JEFFERSON CITY, Mo. -- Missouri officials fear the state may be overpaying in-home care providers millions of dollars to help disabled residents bathe, cook, clean and perform other daily activities.
Legislation recently passed by the Senate -- and now pending in the House -- could impose a pair of cost-cutting curbs on the more than 300 businesses and not-for-profit organizations that provide in-home services to about 50,000 low-income Missourians.
But some in-home care recipients and their advocates fear the changes will result in fewer services, making it more difficult for them to remain at home and more likely they will need to move into nursing homes.
At issue is the method by which Missouri determines whether residents' income makes them eligible for Medicaid, whether their physical conditions make them eligible for home care and, if so, how many hours of care they should receive.
Missouri has experimented during the past decade with several approaches, including conducting assessments through contracted nurses and state employees. Since July 2007, Missouri has allowed client assessments to be done by the same organizations that ultimately provide the home care services.
During that time, the number of people receiving home services has risen 15 percent while the annual cost has grown by one-third, according to figures for the Department of Health and Senior Services. At its current pace, the program will cost more than $1 billion annually within seven years, the department estimates.
"Basically, the program is unsustainable the way it is," said department spokesman Kit Wagar, who describes the current system as an "inherent conflict" of interest.
Legislation that passed the Senate 27-7 last week would allow the department to seek bids for an independent entity to conduct the needs assessments. It also would require all in-home care employees to eventually use a telephone-based time clock to record the hours they work.

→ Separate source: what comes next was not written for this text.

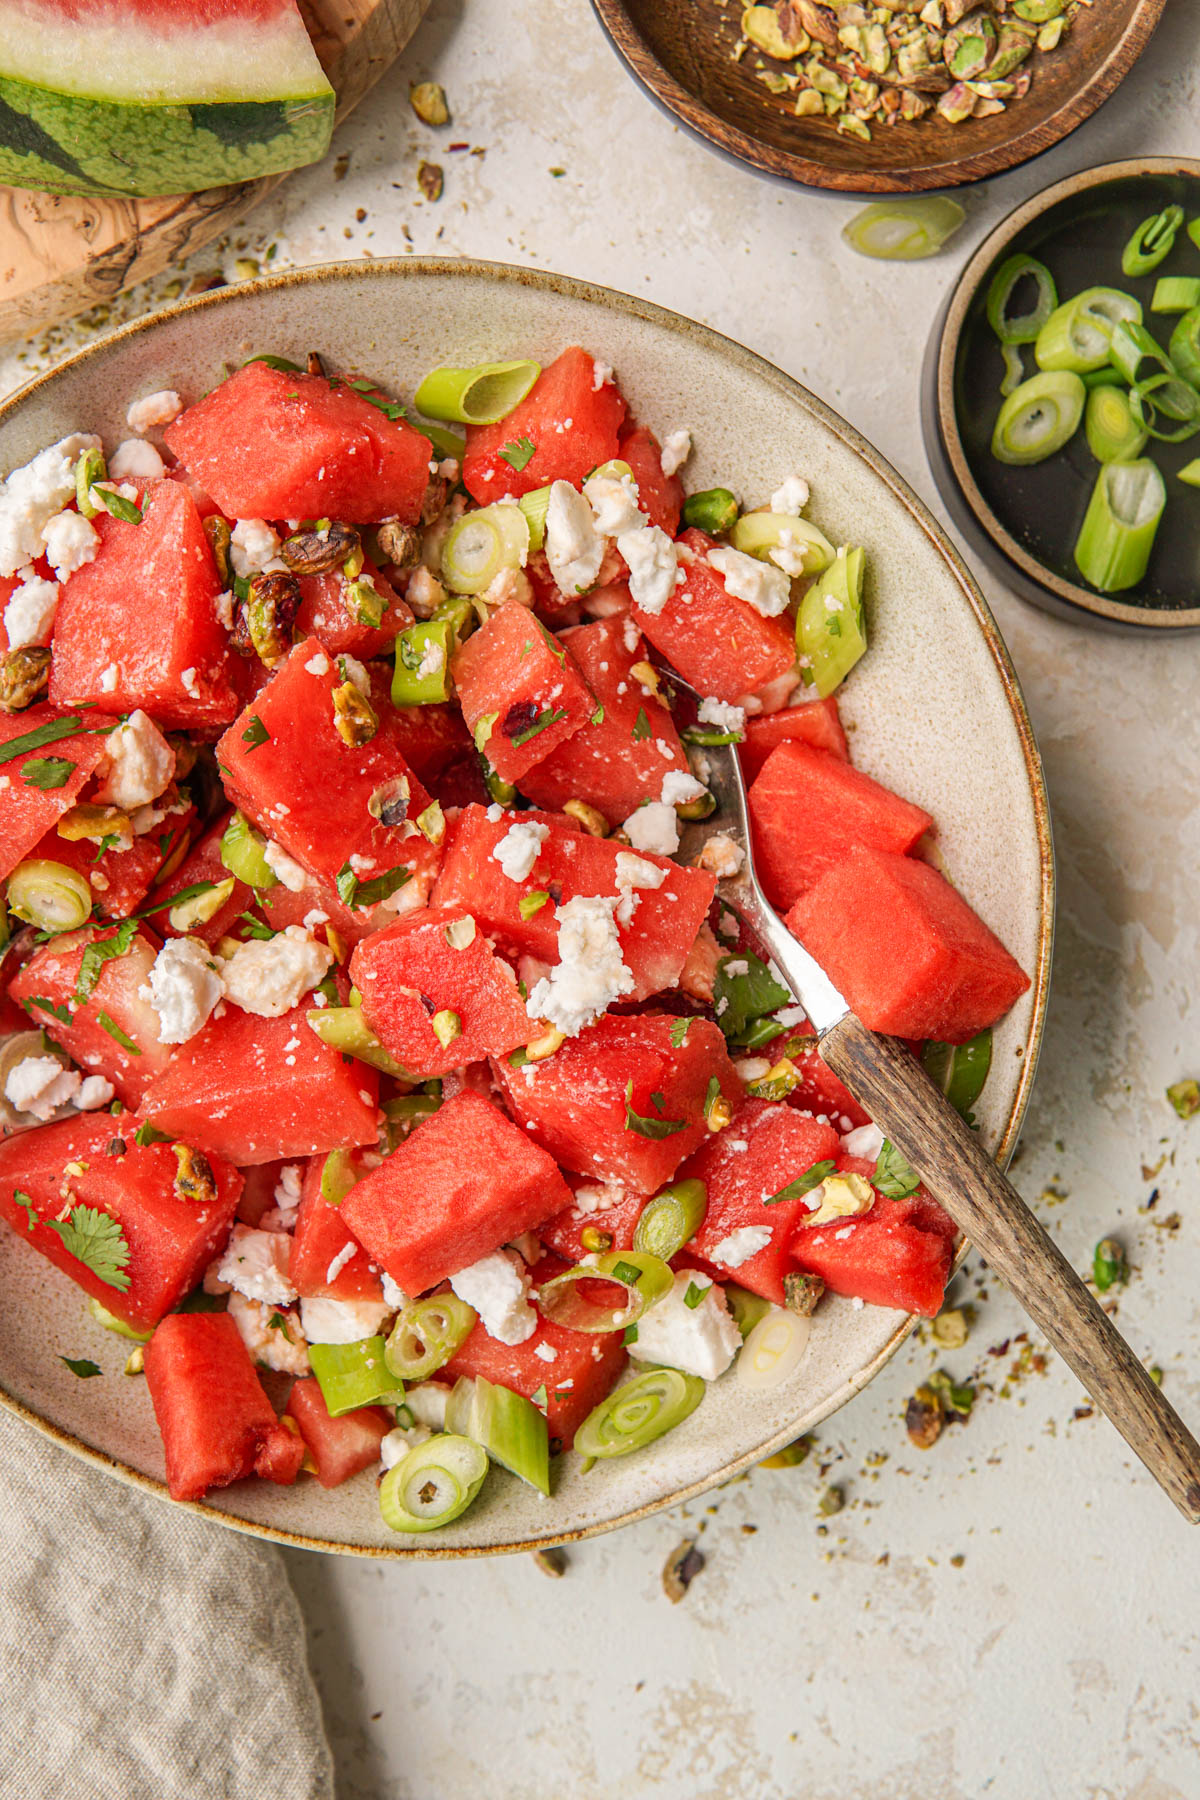 Recept voor watermeloensalade

Both provisions are based on an assumption that Missouri currently is paying too much for in-home services because providers -- either intentionally or unintentionally -- inflate the hours of personal care necessary for their clients.
To the contrary, some residents say they already need more hours of care than they are approved to receive from the state.
Janet Wilson, 63, of St. Joseph, uses a walker and an oxygen system to cope with a variety of disabilities. Wilson said she is authorized to receive four hours a day of paid care to help her bathe, do laundry, clean her home, cook and transport her to doctor's appointments.
"But it's not really enough to do what has to be done," Wilson said. So "our attendants give us more time than what they're allowed" -- often voluntarily staying for an extra hour or more.
A recent analysis by The Lewin Group, based in Falls Church, Va., estimated Missouri could save 5 percent of its Medicaid costs for in-home care services by requiring workers to log their hours electronically over an automated telephone system. That could amount to $25 million of savings in state and federal funds, according to a Missouri legislative research office.
The Lewin Group estimated Missouri could save $3.4 million annually by using a neutral entity to assess people's need for in-home care services. It predicted the change "would modestly increase future denial rates."
But the Missouri Home Care Union, which represents many in-home care workers, estimates it would cost the state $2 million a year to contract with a company for the assessments.
"In terms of state financial responsibility, it's irresponsible," said union spokesman Joe Lawrence. "In terms of the assistance thousands of Missourians need to live a life of some dignity, it gets wiped out, and they are in danger of being placed in nursing facilities."
The Department of Health and Senior Services currently reviews the needs assessments conducted by in-home care providers for their clients. A sampling of several hundred assessments last fall found they were more than twice as likely to overstate the clients' needs than to understate the hours of care necessary, the department said.
If department staff would have simply accepted the assessments performed by providers, Missouri would have paid an additional $8.5 million to $15.1 million a year, the department said.